Anugerah Rizki Akbari


Marking its 71st anniversary on Friday, the National Police welcomed its new leader, Gen. Tito Karnavian. Unlike the chaotic candidacy of Comr. Gen. Budi Gunawan for the top police position last year, all parties supported without reservation President Joko “Jokowi” Widodo’s choice of Tito as his sole nominee for the post.

With his excellent professional and academic credentials, Tito, formerly the head of the National Counterterrorism Agency (BNPT), enjoyed a smooth process of approval by the House of Representatives, during which he pledged to transform the force into a better organization.

Nevertheless, Tito now faces the same question posed to his predecessors: Will he fulfill his promises?

There is no doubt that corruption is a highly pathogenic virus infecting the police. As an illustration, in 2013 the National Police force was named the most corrupt institution in the country, as were its counterparts in 36 countries, according to a survey by the Global Corruption Barometer. Two years later, the World Justice Project (WJP) found that Indonesia’s absence of corruption in the police was below regional average. In the same year, 38 percent of respondents to a Transparency International Indonesia survey said their interactions with police officer ended in bribe payments.

The gravity of graft practices involving police officers has been made stark with the arrest of several police generals in recent years. In 2011, former detective chief Susno Duadji was sentenced to three and a half years in prison for accepting a bribe and misusing funds allocated to secure an election in West Java in 2008. Previously, former National Police traffic directorate chief Insp. Gen. Djoko Susilo was handed a 10-year prison term for corruption in the procurement of driving simulators.

Furthermore, the Corruption Eradication Commission (KPK) named Budi a graft suspect in December 2014, although the case was eventually dropped following a court verdict that found the KPK lacked justification to ensnare Budi, who was then the police chief candidate.

Police corruption in general stems from abuse of power, which can be divided into four categories. First is straightforward corruption, which is a reward in exchange for action or inaction. Taking a bribe falls under this type of corruption. Second is strategic corruption, which involves an active stimulation of crime by police officers in order to extort money or goods.

Third is combative corruption, which is intentionally aimed at strengthening the police cases through unlawful means. This particular form of corruption is predominantly found in drug-related cases where police officers trick potential suspects to illegally build the cases. Lastly, there is the kind of corruption involving distracting justice with the purpose of either seeking revenge or avoiding prosecution.

The police force under Tito needs to address these ingrained problems. To a large extent, police corruption has flourished because of a lack of accountability. For instance, police enjoy very limited oversight in naming a crime suspect. While pretrial appeals can clarify whether such procedures have complied with the standard laid down in internal police regulations, it would be much fairer if the control mechanism were enacted before the police declared someone a suspect.

Allowing the judiciary to verify whether there is enough evidence for the police to launch a criminal investigation would significantly curb opportunities to commit corruption. Hence, this mechanism has to be included in the amendments to the Criminal Procedures Code (KUHAP) and the new police chief must support it.

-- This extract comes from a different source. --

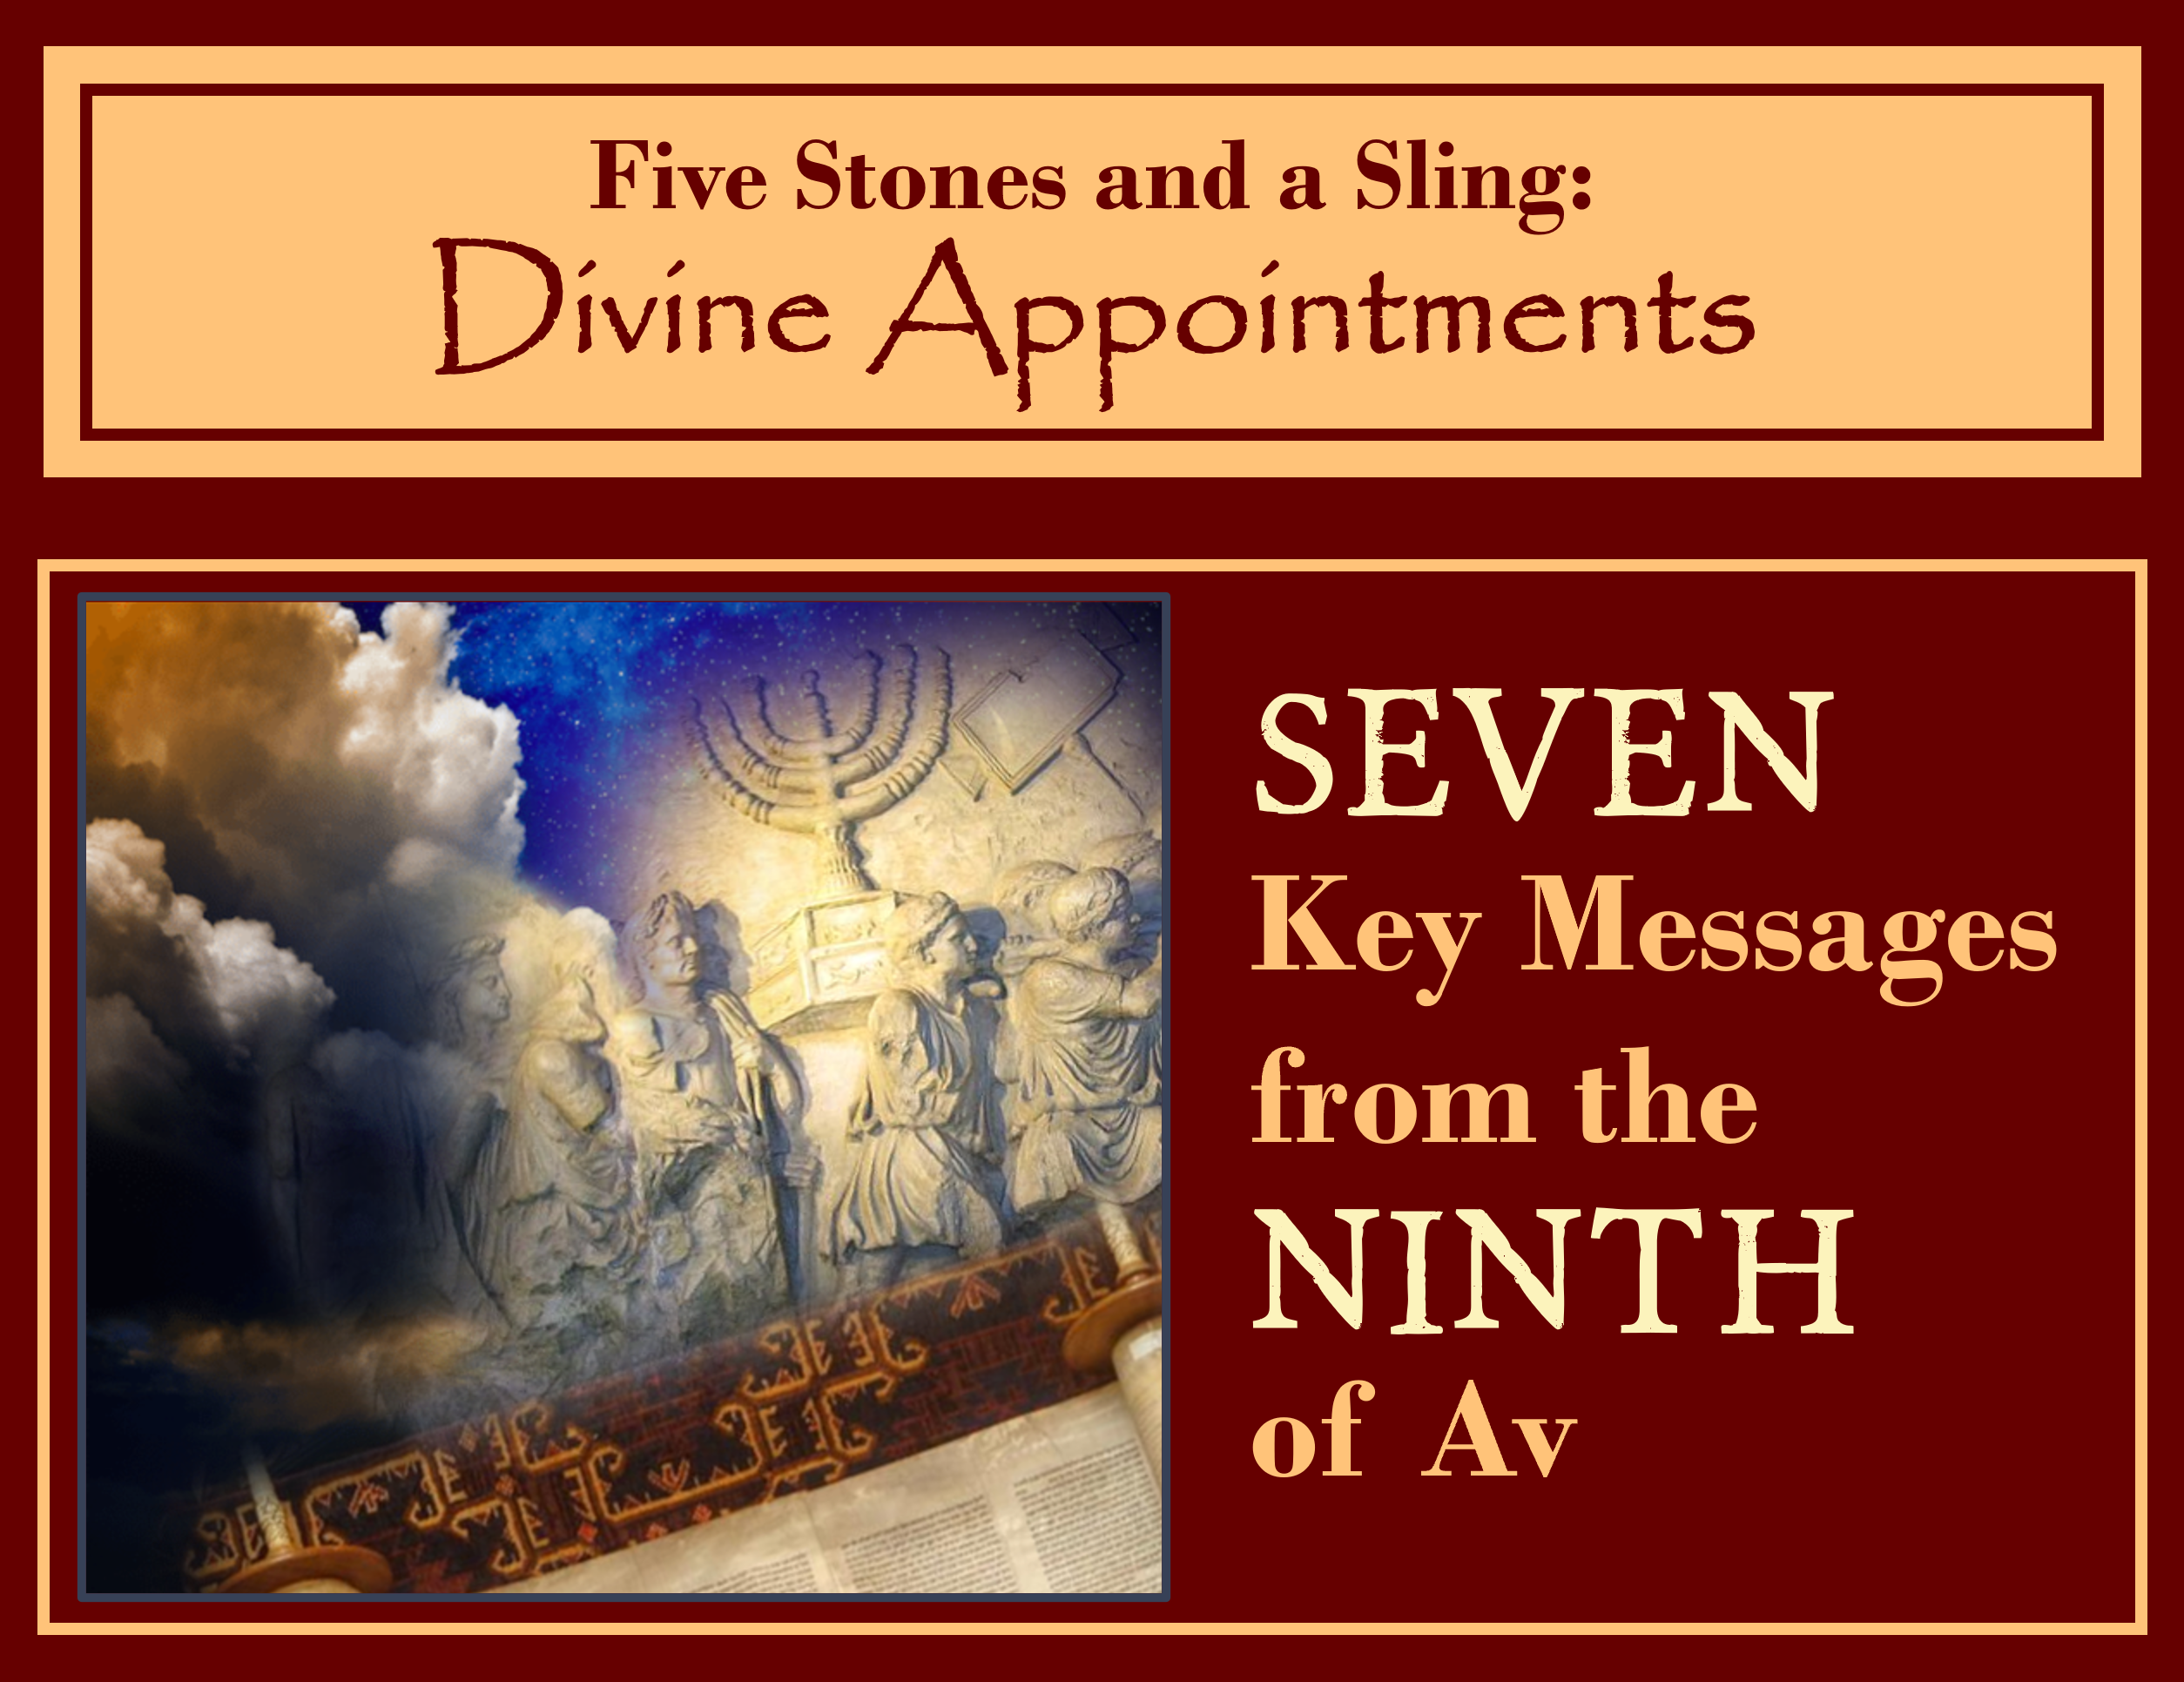 Seven Key Messages from the Ninth of Av

Aside from cleaning up the institution from corruption, Tito has to evaluate the effectiveness of current policing strategies. In this regard, it is important to understand that the nature of policing is complicated, since it faces contradictory commands, namely to serve people and at the same time to exert power over them. That being said, the measurement of effective policing has to take both sides into account.

First and foremost, protection of suspects’ rights remains a major concern in Indonesian policing practices. The Commission for Missing Persons and Victims of Violence (Kontras) reported that between May 2015 and May 2016 alone 91 cases of torture and other inhumane treatment were found to have been committed by the police.

The WJP also found that Indonesia scored only 0.35 out of 1 in terms of protection of the rights of suspects, including freedom from torture and abusive treatment. This problem will not disappear unless the police leader orders his subordinates to uphold human rights and punishes those who violate this instruction.

Second, in the field of crime control, the issue is two-pronged. To begin with, the police force relies heavily on the mechanisms of criminal law to reduce crime. This is understandable considering its traditional mandate as a law enforcement agency. Nonetheless, the law itself cannot answer every single question regarding crime reduction. There is a growing necessity to involve interdisciplinary interventions to this realm. In the meantime, lack of recorded crime rates in Indonesia makes it difficult for the police to validly acclaim their work. On that account, Tito needs to instruct the police to firmly record crimes over time and make the information easily accessible to the public.

Considering the complex challenges in policing, it is quite intriguing to see what changes Tito can bring to the police. However, one thing is certain: Police reform cannot be delayed.

The writer teaches in the Criminal Law Department of the School of Law at the University of Indonesia in Depok, West Java.